Elia Suleiman’s latest is a dryly comedic essay film on the Palestinian identity
In the same vein as his previous films, but perhaps less structured and more episodic, Elia Suleiman’s It Must Be Heaven is the director’s first feature film in ten years. Hotly anticipated and bowing at this year’s Cannes Film Festival’s official competition, this is inventive yet incoherent work that features several moments of brilliance but is perhaps far too mannered and repetitive to score a knockout. International audiences will most likely embrace the film, thanks to its out-of-the box approach and almost dialogue-free narrative that crosses language barriers and presents a somber vision of the world we live in today.
Playing himself once again, Elia Suleiman is an elderly man living in Palestine. He is more of an observer than a resident, watching life unfold around him as he struggles to understand how the future of the country might look like. In conversations with neighbors and passers-by, in which he never utters a word but listens to the stories being told to him, Suleiman starts to feel like he is part of an uncertain, decaying present in which hatred and injustice still reign.
Aiming to fund his next film, titled It Must Be Heaven (a meta-reference to the actual film audiences are watching), he travels to Paris to meet a producer. In the film’s pivotal scene, the producer rejects the scripts saying it’s not ‘Palestinian’ enough. Suleiman strongly comments on the narrative the media and film studios are trying to push for Palestine, relegating it into stereotypes and clichés that, in many ways, remain as detached from reality as possible. Following the rejection, Suleiman visits New York where he encounters another rejection simply due to lack of interest.
In traveling between Palestine, New York and Paris, Suleiman observes similarities and differences as well as defining traits that paint a larger picture of the world as we live in it today.
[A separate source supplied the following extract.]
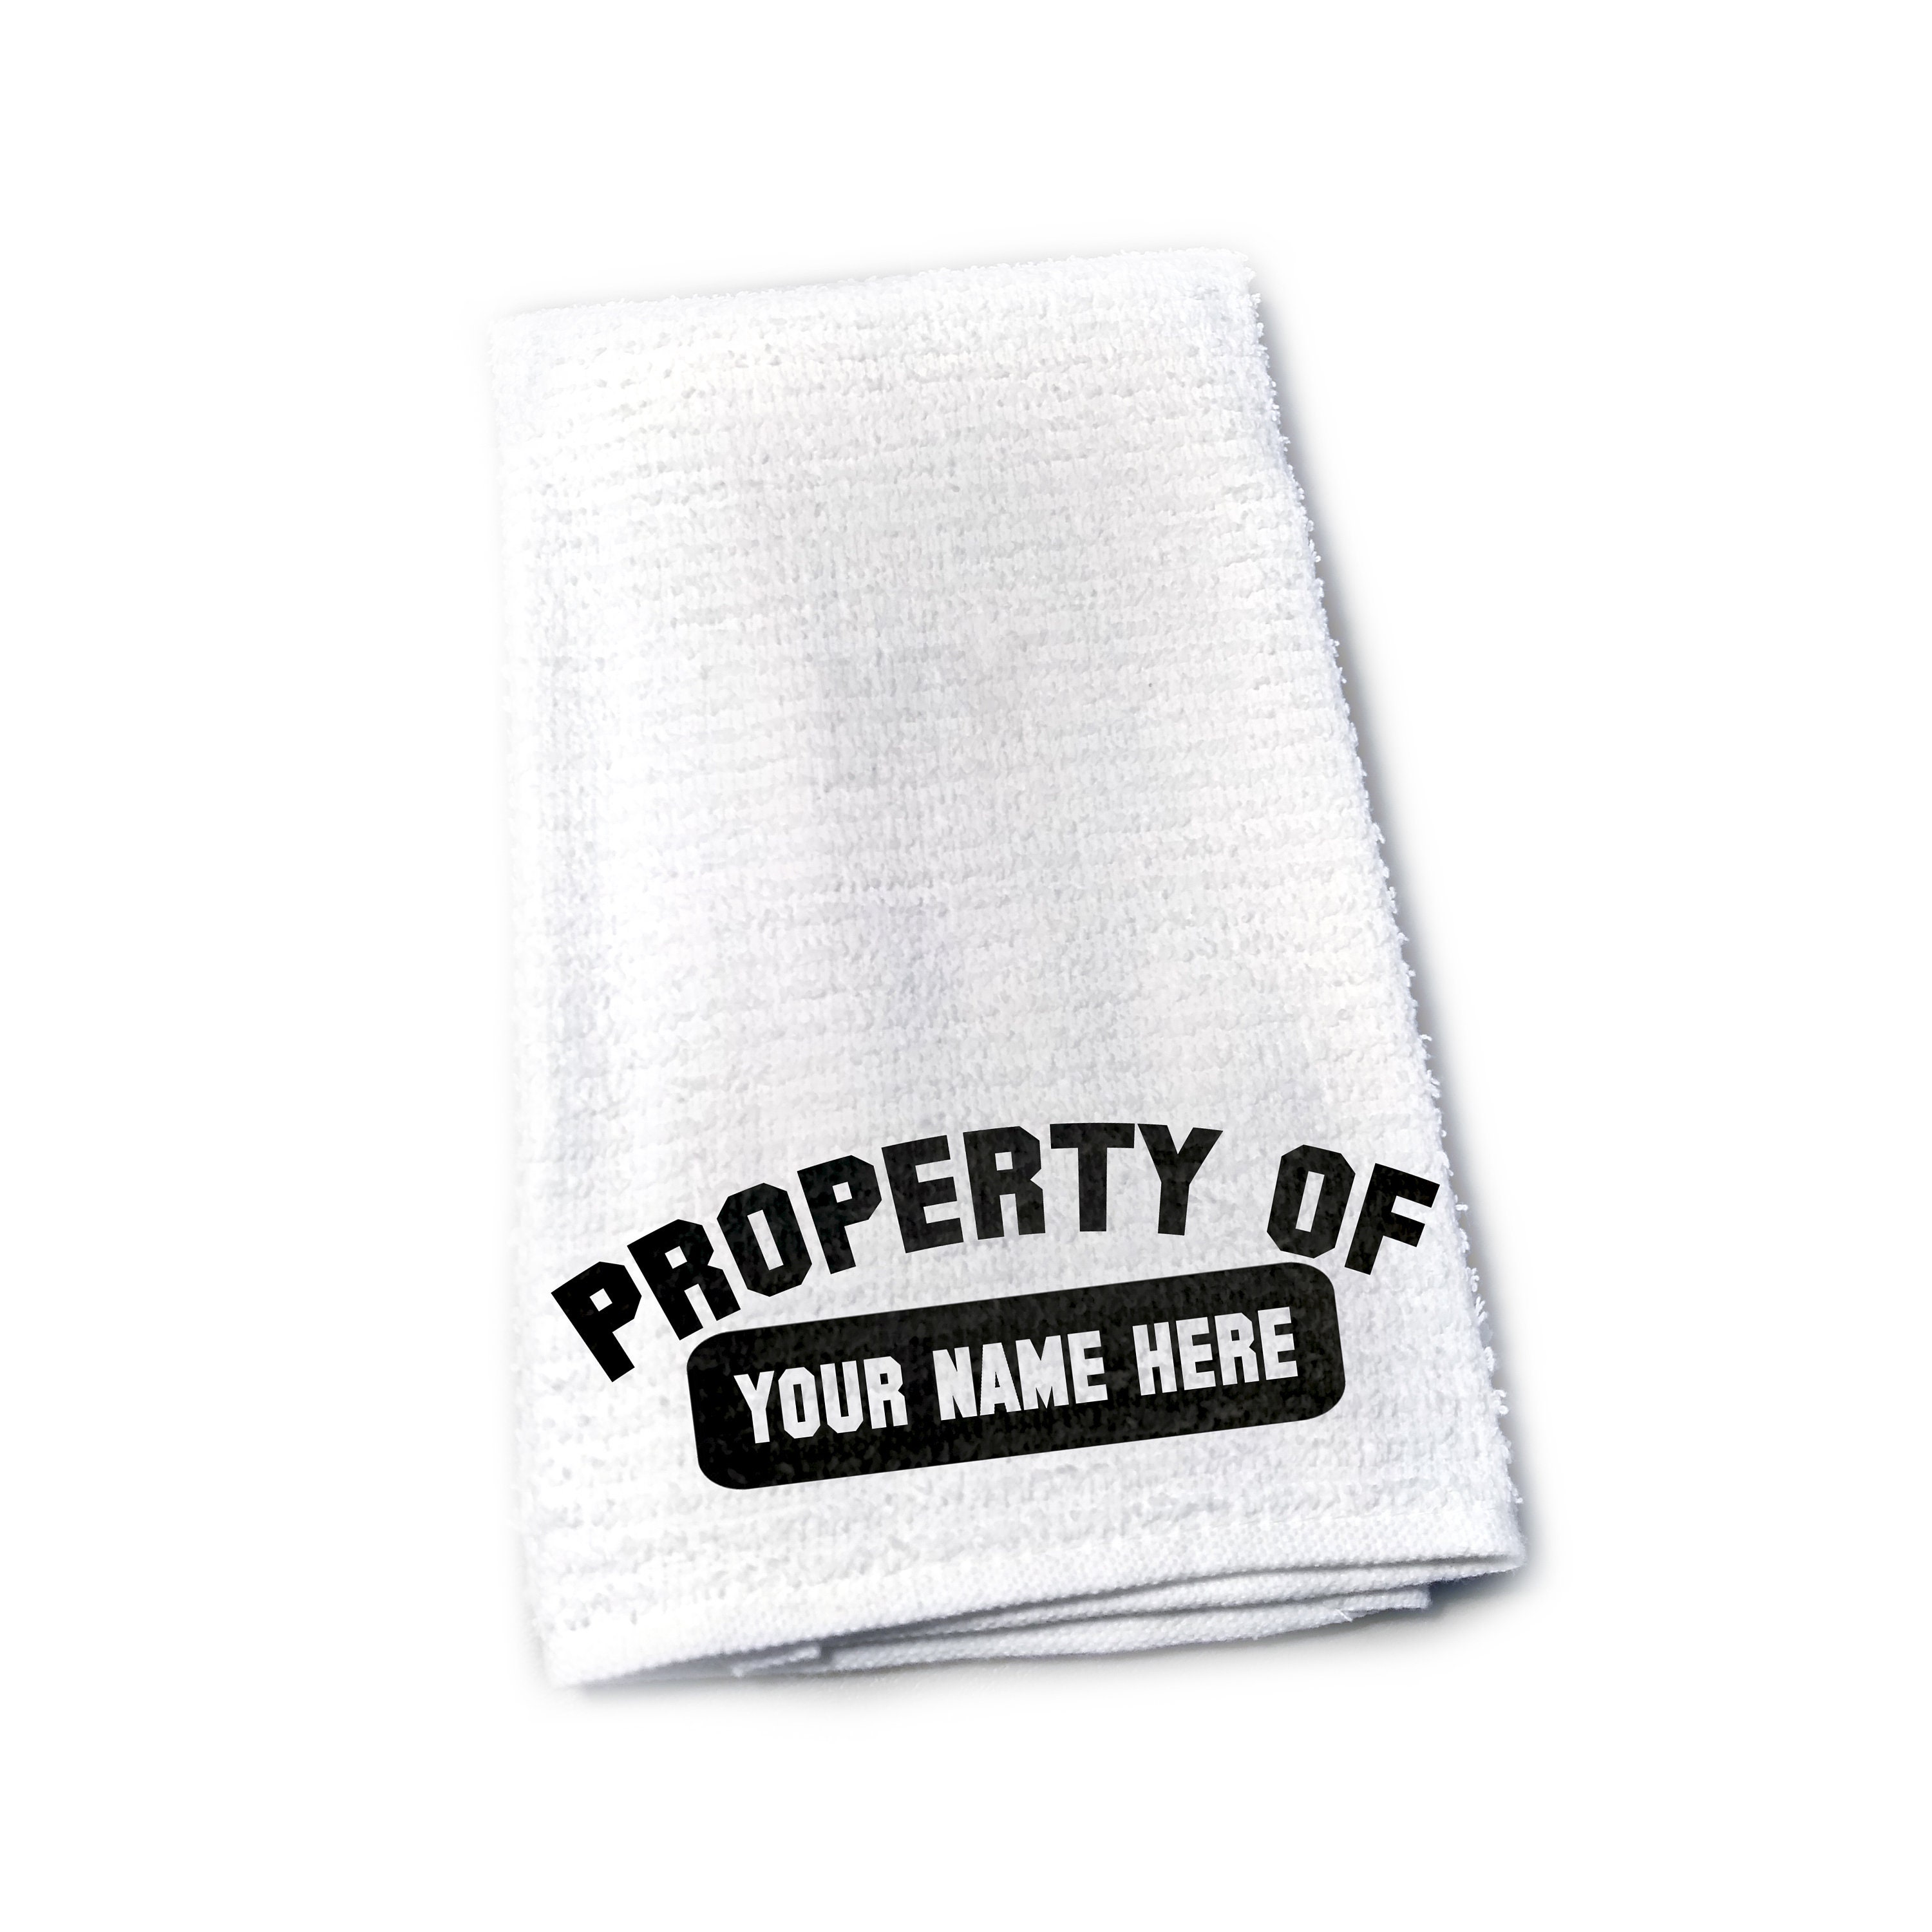 Personalized Property of After Sex Towel Cum Rag Funny image photo

Where there’s no compassion, there’s racism, threats and loneliness – and no matter where he travels, these themes remain present.
The film has several major moments of brilliance, thanks to a piercing screenplay that employs silence, sound and physical comedy, to offer a biting social and political commentary about Palestinian identity. In choosing to reduce dialogue as much as possible, Suleiman creates a visual experience that works more than it doesn’t, but feels ultimately a bit too incoherent and somehow random. While some of the set pieces register strongly on creative and narrative levels, others fall into repetition, vagueness or indulgent traps that takes away from the overall impact of the film. The mannerism that is Suleiman’s signature style works in most scenes but sort of overstays its welcome when the film attempts to maintain its social critiques but ends up overly bleak. In seeking relevance and satire, the film achieves this along with a bit of alienation due to overly long or repetitive tropes that could have been easily lost to offer a clearer view of the world in Suleiman’s eyes.
Nevertheless, and despite the pacing and structural flaws, It Must Be Heaven remains very unique, inventive and at times touching. A welcome return for Suleiman whose voices remains one of the freshest and most urgent voices in Middle Eastern cinema today.